Le comportement du débiteur dans cette affaire s'explique plus difficilement puisque la jurisprudence est relativement claire quant à la nullité de tels contrats et que le prix déjà payé

est nettement trop élevé par rapport à la valeur de l'objet. Par contre, d'un point de vue

procédural, c'est le débiteur qui aurait dû ouvrir action pour récupérer l'argent que la FRC estimait lui être dû. Le dépôt d'une demande en paiement suppose le paiement de frais d'introduction et éventuellement celui de frais d'avocat.

Le vendeur quant à lui avait tout intérêt à conclure un accord vu le montant des paiements déjà effectués surtout en sachant que le débiteur devrait faire un procès pour récupérer les montants qu'il réclamait.

Dans le cas no 24, il s'agit du même problème que dans le cas no 23. Le débiteur a déjà payé plus que le prix du bien. Il a payé fr. 1'044.- pour un bien d'une valeur de fr. 690.-. La FRC exige le remboursement de fr. 250.50 et le vendeur réclame fr. 220.- pour l'achat du bien ou fr. 348.- pour une année de location supplémentaire. Vu les montants enjeu qui, au regard des frais d'une procédure sont faibles, le débiteur accepte de renoncer au remboursement contre l'annulation du contrat.

Dans les dossier no 25 dont l'état de fait est identique aux dossiers no 23 et no 24, le

règlement amiable n'a pas pu être fait car le créancier s'est obstiné à vouloir faire exécuter le contrat nul. La poursuite n'a pas abouti, la nullité du contrat ayant été constatée en mainlevée.

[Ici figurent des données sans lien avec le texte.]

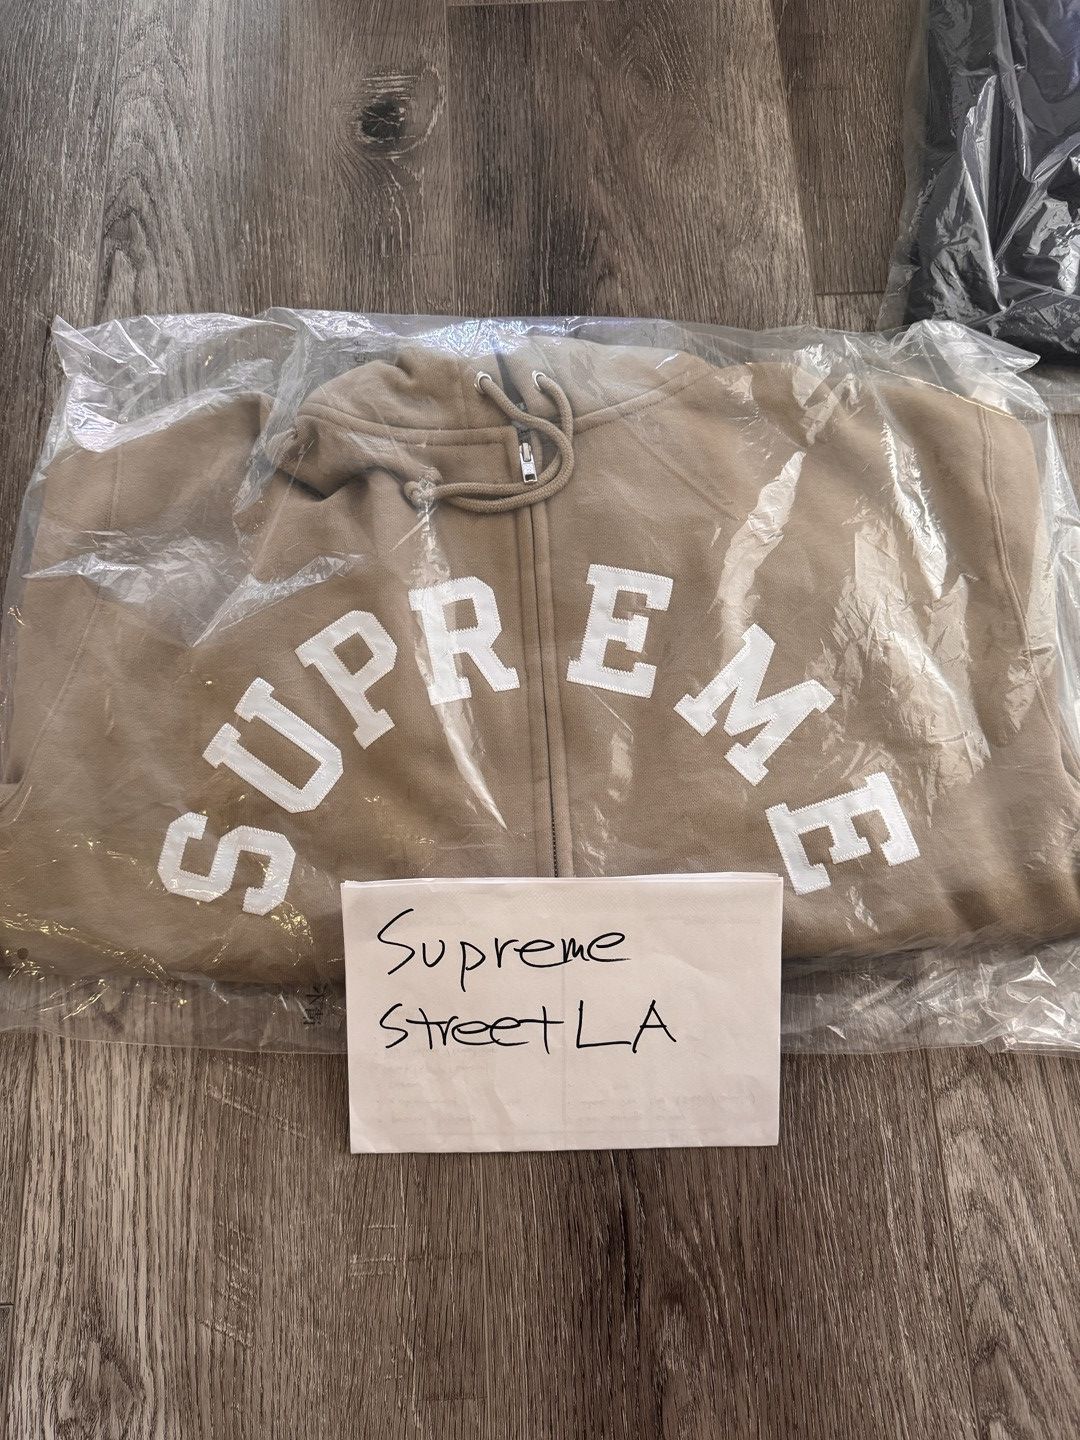 Supreme Supreme Champion Zip Up Hooded Sweatshirt Medium Tan | Grailed

Ici, la FRC exigeait le remboursement de fr. 436.-. Les frais de poursuite et de mainlevée n'ont certainement pas atteints cette somme. Le créancier reste donc toujours gagnant, même après l'issue négative du litige. Quant au débiteur, la valeur litigieuse ne vaut pas la peine d'entamer une procédure pour récupérer les montants versés en trop, eu égard notamment à l'incertitude relative quant à la valeur du bien.

Dans les cas examinés ci-dessus, les créanciers doivent mettre en balance le risque de devoir rembourser des montants perçus en trop sans cause valable (contrat nul) et celui d'obtenir l'exécution totale du contrat par jugement ou partielle par un accord amiable qui portera en général sur les montants déjà versés.

Si les montants trop perçus sont peu élevés, le créancier ne risque pas de devoir les rembourser car le débiteur n'ouvrira pas action. Pour le débiteur, il s'agit d'estimer les chances de réussite et le coût d'une procédure et surtout celles d'arriver à s'opposer valablement à une poursuite qui serait entamée par le créancier. La grande inconnue dans beaucoup de cas reste l'estimation de la valeur et la dépréciation du bien.

La position de créancier est nettement plus avantageuse puisqu'il a, en général, déjà touché plus qu'il ne devait si l'on compare avec l'indemnité équitable pour l'utilisation du bien et qu'il lui suffit d'entamer des poursuites contre le débiteur pour exercer une pression sur lui. Il est évident que c'est le débiteur qui fera la plupart du temps les frais de l'accord amiable puisqu'en général les coûts d'une action judiciaire seront jugés prohibitifs.